The integration uses immutable GPU snapshots. Warmed searches use per-thread
cuVS resources/CUDA streams, while mutation and snapshot commit use a
cross-backend writer lock. Host-side filter and snapshot work can proceed in
parallel, but max_concurrent_gpu_searches defaults to 1 because concurrent
single-query brute-force kernels can contend for memory bandwidth and reduce
throughput. Increase it only after measuring the target GPU and workload. By
default, the first query after an upsert or delete rebuilds synchronously;
optional background rebuild changes dirty queries to native fallback until the
new snapshot is ready. On each rebuild it registers the cuVS label order with
the native engine once.
The first use of a scalar or URI filter then reuses OpenViking's native
scalar/path index and projects its bitmap into cuVS row order; it does not scan
all host-side records in Python. filter_cache_size retains the resulting
device bitsets and routing decisions and invalidates them on mutation. In auto
mode, candidate-count preflight runs before the cuVS search path.
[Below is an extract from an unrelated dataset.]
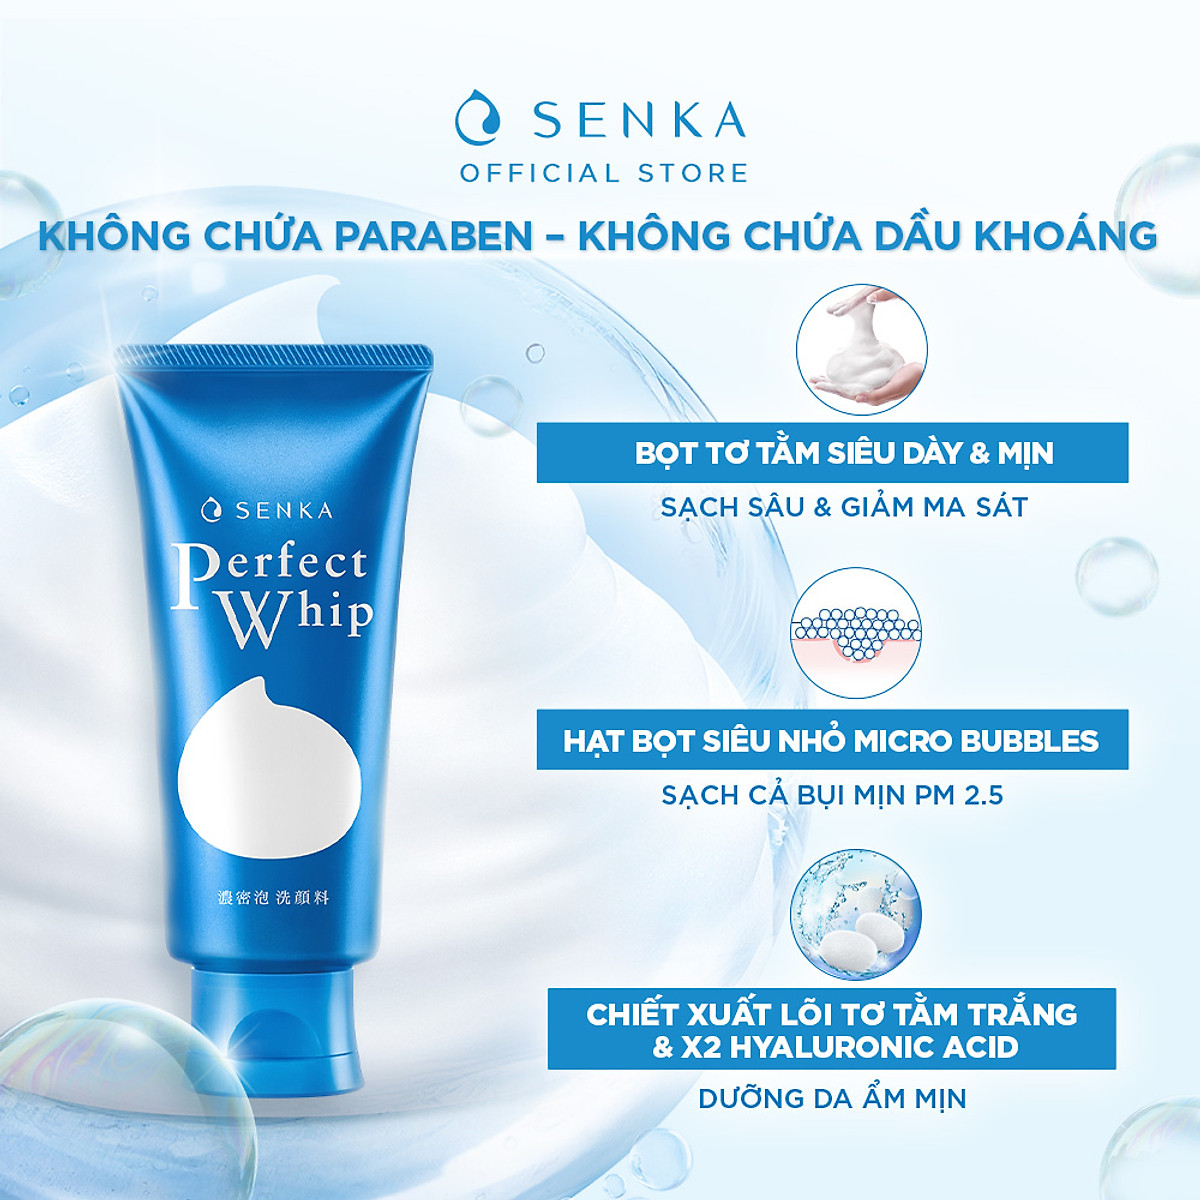 Có rất nhiều công dụng của sữa rửa mặt Senka đem lại hiệu quả tốt để cải thiện làn da của chị em luôn tươi sáng và mịn màng

Different unseen filters can use the native engine's shared-read path in
parallel, while cached native routing decisions go directly to the native
index. A record-generation check prevents a result computed across a mutation
from entering the route cache.
Sparse/hybrid queries fall back to OpenViking's native local index when
fallback_to_native is enabled. The canonical vectors remain in the local
store and repopulate cuVS after restart.
The [ctk] CuPy extra installs the CUDA toolkit headers required by the cuVS
Python interop path, even when the host provides a CUDA driver but no toolkit.
After installation, run python examples/cuvs_smoke.py for an exact
GPU-backed write and filtered-search check, or
python examples/cuvs_smoke.py --algorithm cagra to exercise the graph index.
Add --dtype float16 to either command to validate the lower-precision path.
Neither command requires an embedding or VLM service.